Hypoxia-induced inflammation plays a central role in the DN. Studies have shown that macrophage polarization occurs in renal inflammation and plays a decisive part in DN. Transforming growth factor β-activated kinase 1-binding protein 1 (TAB1) is a specific protein that interacts with transforming growth factor β-activated kinase 1 (TAK1). TAB1/TAK1 can activate NF-kB in bone marrow-derived macrophages (BMMs) of DN, thus upregulating HIF-1α activity and enhancing glycolytic metabolism. Zeng et al. concluded that the TAB1/NF-kB/HIF-1α signaling pathway regulates glycolysis and activation of macrophages in DN [19]. Previous studies have shown that high glucose-mediated tubulointerstitial accumulation of extracellular matrix (ECM) has an important role in the pathogenesis of DN. The HIF-1α/VEGF signaling pathway has previously been shown to be involved in the regulation of the ECM. Hirudin is an anticoagulant produced by the salivary glands of the medicinal leech. Hirudin reduces the deposition of ECM in DN models through the inhibition of the HIF-1α/VEGF pathway to protect kidney function and delay disease progression [20].

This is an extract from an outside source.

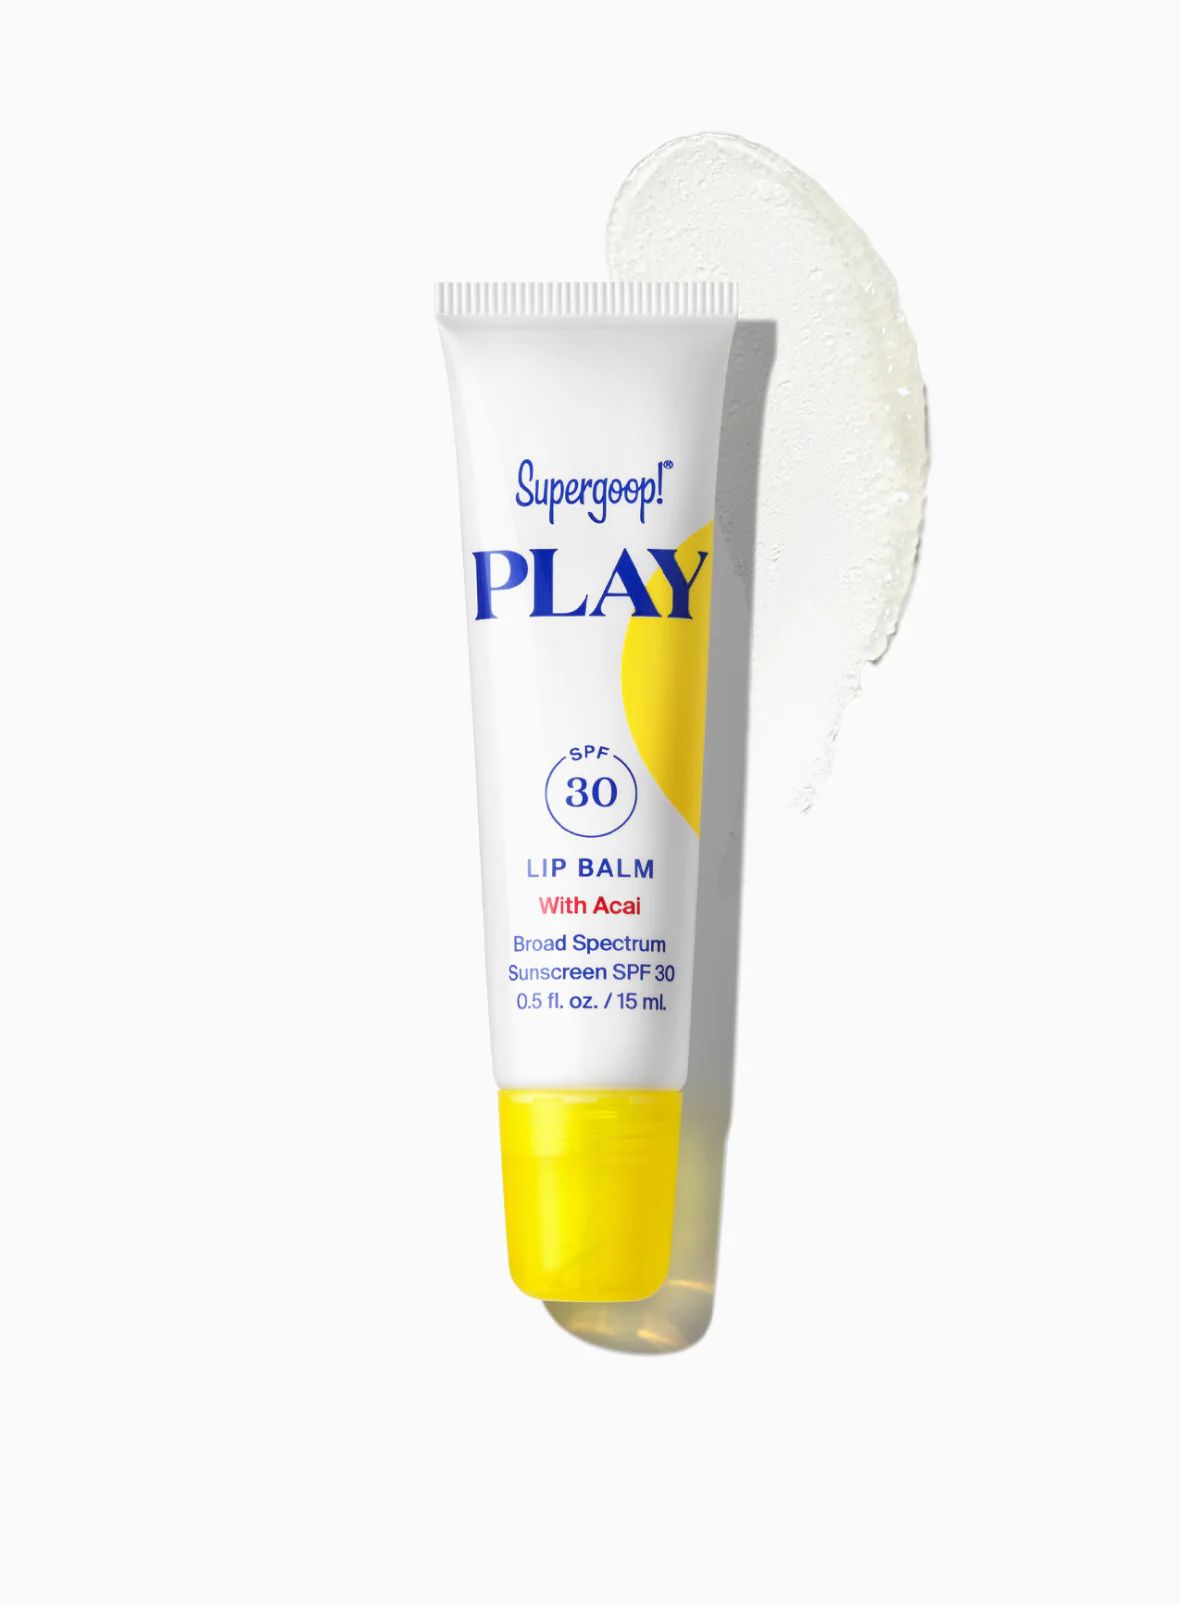 PLAY Lip Balm SPF 30 | Supergoop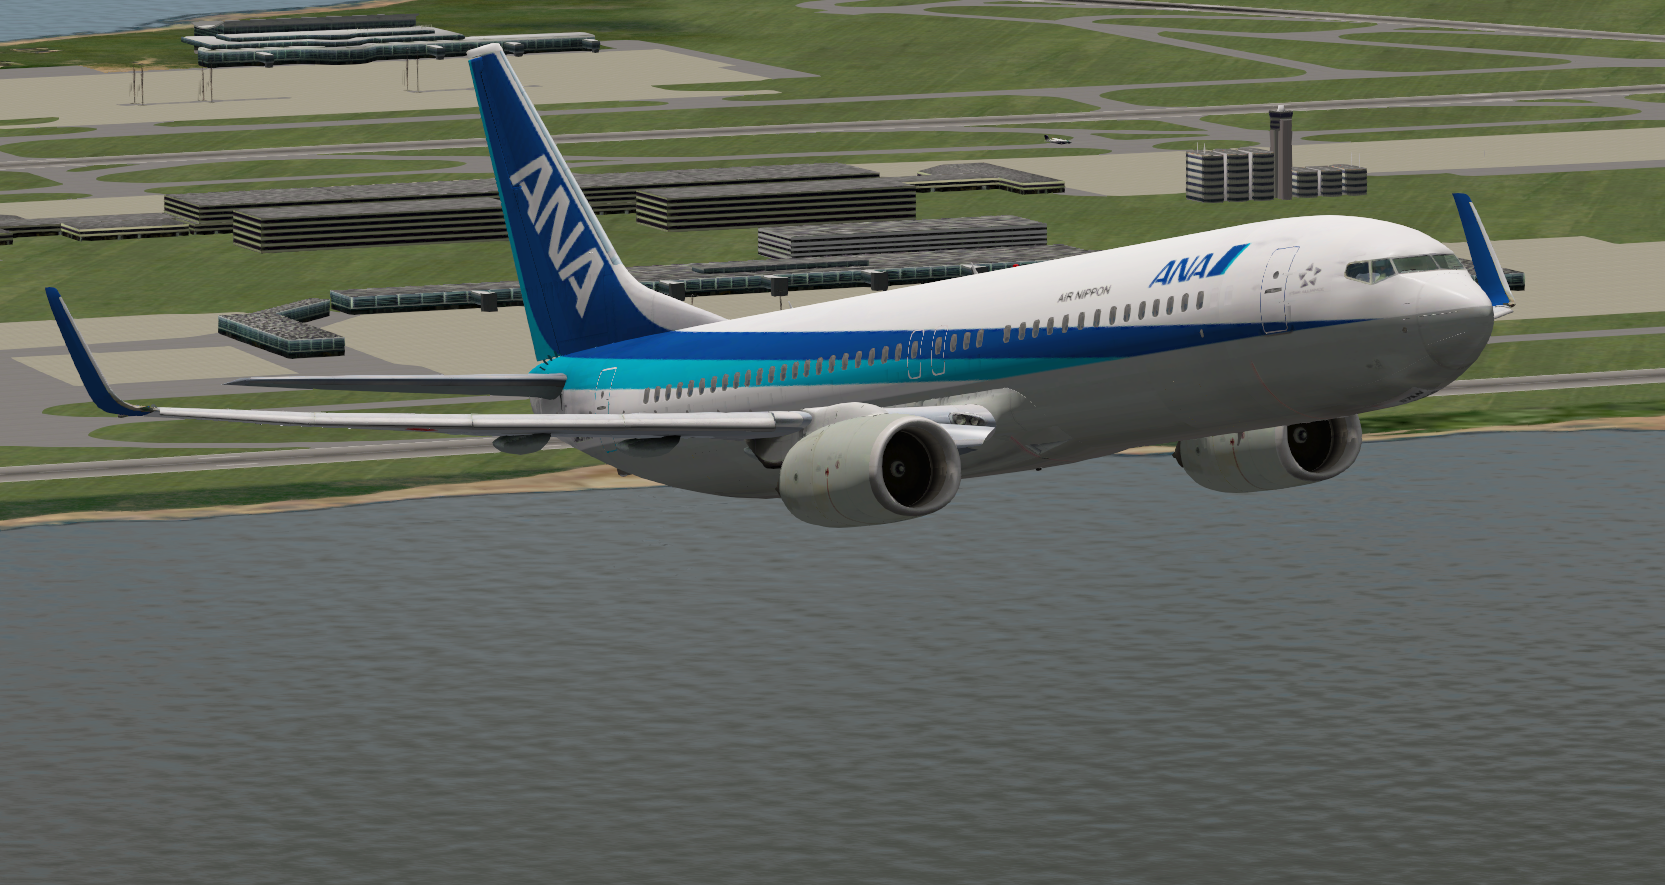 737-800 Takeoff

3. The Role of HIF-1α in Chronic Kidney Disease-Related Complications

3.1. Renal Anemia

Anemia is a common complication of CKD, mainly due to injured kidneys failing to produce sufficient amounts of EPO, which regulates red blood cell production. Hypoxia serves as the major stimulus of EPO production. Iron is essential in erythropoiesis. Iron deficiency also occurs in CKD patients due to the inadequate provision or absorption of dietary iron (Figure 3). HIF-1α is mainly induced in renal tubular and glomerular epithelial cells and in papillary interstitial cells, whereas HIF-2α is expressed in endothelial cells and fibroblasts upon hypoxic stimulation, suggesting that HIF-2α is the main regulator of EPO production [21]. Under hypoxic conditions, HIF-2α regulates EPO expression in combination with hypoxia response elements on the EPO gene in the kidney and liver [22]. Voit et al. revealed that EPO production in the kidney can also be regulated by HIF-1α, which is degraded under normoxic conditions by HIF-prolyl hydroxylase (HIF-PHD) [23]. The discovery of prolyl hydroxylase domain (PHD) enzymes as regulators of hypoxia-inducible factor (HIF)-dependent erythropoiesis has led to the development of novel therapeutic agents for renal anemia [24]. Roxadustat, the first small-molecule PHI, can lead to increased EPO production, better iron absorption, and amelioration of anemia in CKD [23]. In addition, HIF-2α also regulates iron metabolism by stimulating duodenal cytochrome B (DCYTB) and divalent metal transporter-1 (DMT1) expression.
Figure 3. HIF-1α regulates EPO gene in the kidney and liver and also regulates iron metabolism by stimulating DCYTB and DMT1 expression. Inhibition of HIF-PHD leads to increased EPO production, better iron absorption, and amelioration of anemia in CKD. Under hypoxia, HIF signaling affects the cardiac development, metabolic response, heart ischemia and atherosclerosis to CVD in myriad ways. And HIF-1α plays a dual role in sarcopenia through the mechanisms described above (↑: elevated expression; ↓: decreased expression).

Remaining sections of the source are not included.